Global marine insurance remain uncertain towards the future
Global marine insurance results indicate a modest recovery but COVID-19 adds uncertainty for the future, IUMI reports
the International Union of Marine Insurance – presented its analysis of the latest marine insurance market trends during its annual conference which this year is being held online. Marine underwriting premiums for 2019 were estimated to be USD 28.7 billion which represents a 0.9% reduction from 2018.
The USD 28.7 billion global income was split between these geographic regions: Europe 46.3%, Asia/Pacific 31.8%, Latin America 10.3%, North America 5.3%, Other 6.3%.
2019 saw Europe’s global share reduce slightly from 46.4% (2018) to 46.3% and Asia’s share increase modestly from 30.7% (2018) to 31.8%.
Covid-19 will show unexpected statistics due to Covid-19 situation
For global marine premium by line of business, cargo continued to represent the largest share with 57.5% in 2019, hull 24.1%, offshore energy 11.7% and marine liability (excluding than IGP&I) 6.8%.
Philip Graham, Chair of IUMI’s Facts & Figures Committee put the numbers into context:
“The numbers we are reporting today cover the 2019 underwriting year and are pre-COVID-19. In the past, we’ve been able to analyse trends to get an understanding of potential future outcomes but COVID is such a significant global event that it will inevitably impact on all statistics, including IUMI’s. Clearly there is a lag between IUMI’s reported 2019 numbers and the effect that COVID is having on the marine insurance markets.
The loss ratio figures as of 2019 suggest the start of a modest recovery in the hull and cargo segments and a continued fragile balance in the energy segment, but it is still early days and it remains to be seen how far COVID-19 will impact these trends going forward.”
Philip Graham, Chair of IUMI’s, states that pandemic has pushed digitalization forward with one generation
“One consequence of COVID is that people are travelling less and buying less. This has translated into a lower utilisation of certain vessel classes such as containerships, cruise ships and yachts. A direct result is the abnormally low level of claims incidents recorded in recent months. While this is good for underwriters in the short-term, we should be wary of a return to normality as untilisation begins to increase. Similarly, COVID has negatively impacted the oil price causing a slow-down in offshore activity. Underwriters need to be aware of the uncertain consequences of a return to more normal levels of production.”

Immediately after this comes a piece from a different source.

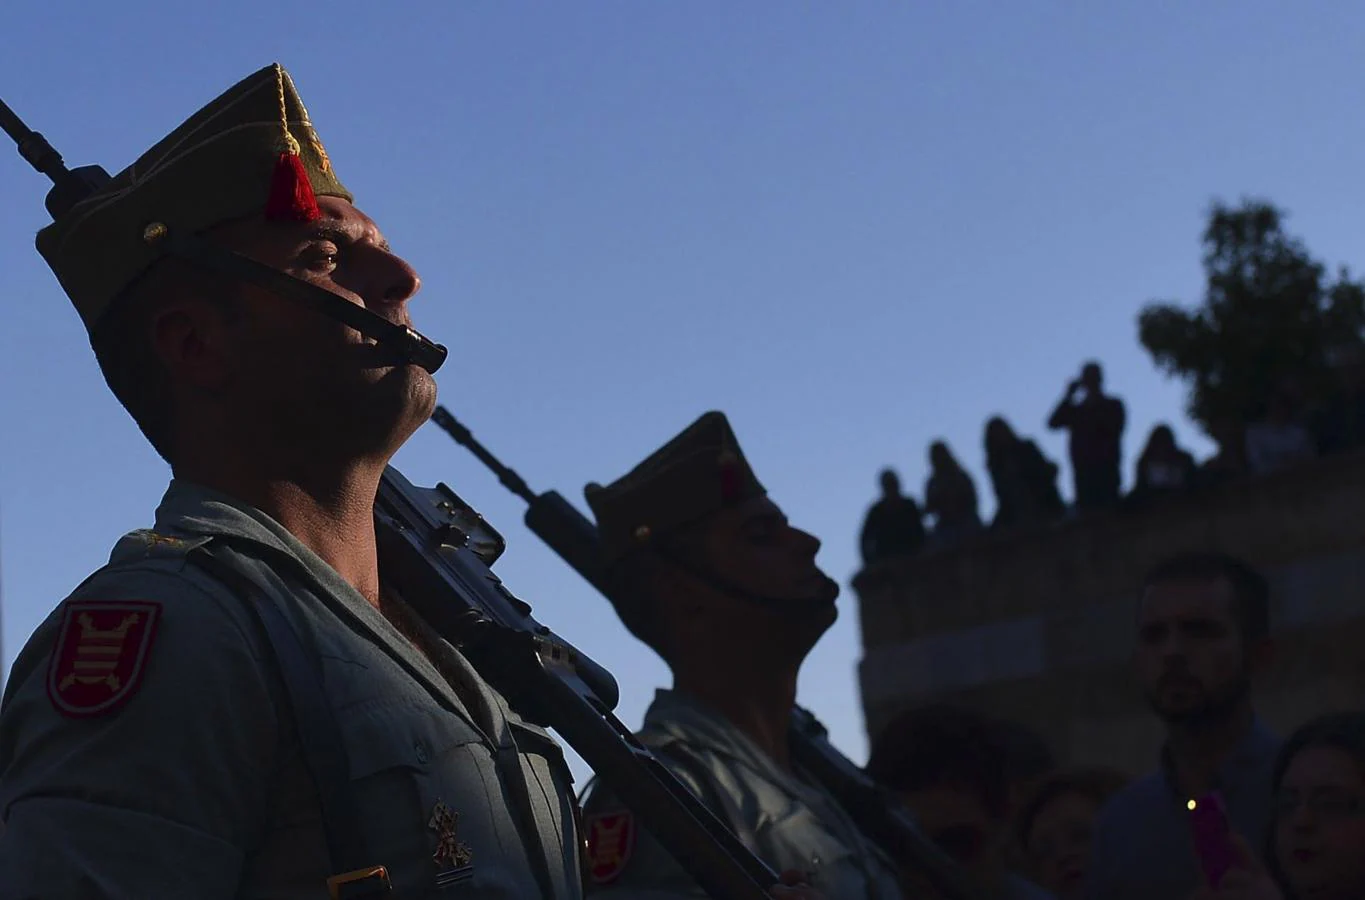 Habituales en la Semana Santa. Varios legionarios durante la procesión de la Hermandad del Señor de la Caridad más conocido como el Cristo de los legionarios, el Jueves Santo en Córdoba en 2016.

“In my view, the coronavirus pandemic has, in a few short months, digitally moved many industries, particularly the insurance industry forward by at least a generation. In many ways this is extremely positive and we need to maintain that momentum as we look to improve efficiencies and manage down the transitional cost of insurance, driving a more flexible, efficient and inclusive environment.
However, we must also be mindful of how the pandemic has financially impacted many of our clients and the potential impact that could have on risk management. As importantly, we must not forget the sacrifices being made every day by all those at sea who as a result of the pandemic have continued to serve world-trade in extremely challenging conditions for extended periods and often without the ability to see loved ones for a considerable time with the associated fatigue and mental anguish that accompanies that”.
Global cargo premium amounts to $ 15.6 billion in 2019
The global premium base for the cargo market for 2019 was reported to be USD 15.6 billion – a 1.5% reduction from 2018. Exchange rate fluctuations impact most heavily on this sector and so comparisons with earlier years cannot be exact.
In general, cargo premiums are strongly correlated with world trade values but they have lagged behind in recent years. IUMI’s 2019 numbers do not account for the impact of COVID-19 but the virus has injected significant uncertainty into future world trade forecasts in terms of values, volumes and changing trade patterns. This makes it difficult to predict the performance of the cargo market going forward.
Loss ratios in Europe for the years 2014-2016 were particularly high, but all recent years up to 2019 were under the influence of an increasing exposure to nat-cat or man-made events combined with accumulations on ships and in ports which were not necessarily reflected in premiums. 2019 started at around 60% which demonstrates a modest improvement compared with previous years and is expected to end slightly below 70% if the year follows a standard development pattern.
Covid-19 reflects on cargo damages of vulnerable cargoes.
Loss ratios in Asia were stable until 2014 but then increased dramatically to around 60% in 2018; there appears to be a slight improvement in 2019 with a loss ratio of around 50%. In Latin America, the ratio is stable in the 50-55% range. Taken together, these loss ratios indicate the beginnings of a market recovery.
Increasing risk continues to blight this sector including man-made and naturally occurring incidents. Fires on containerships represented a significant amount of cargo loss in 2019 and has continued into 2020 with a major car carrier and VLCC fire.
Accumulation of cargo in stock and in transit has been exacerbated by COVID-19 due to port congestion and delivery delays. This is also increasing the likelihood of damage to vulnerable cargoes such a refrigerated goods.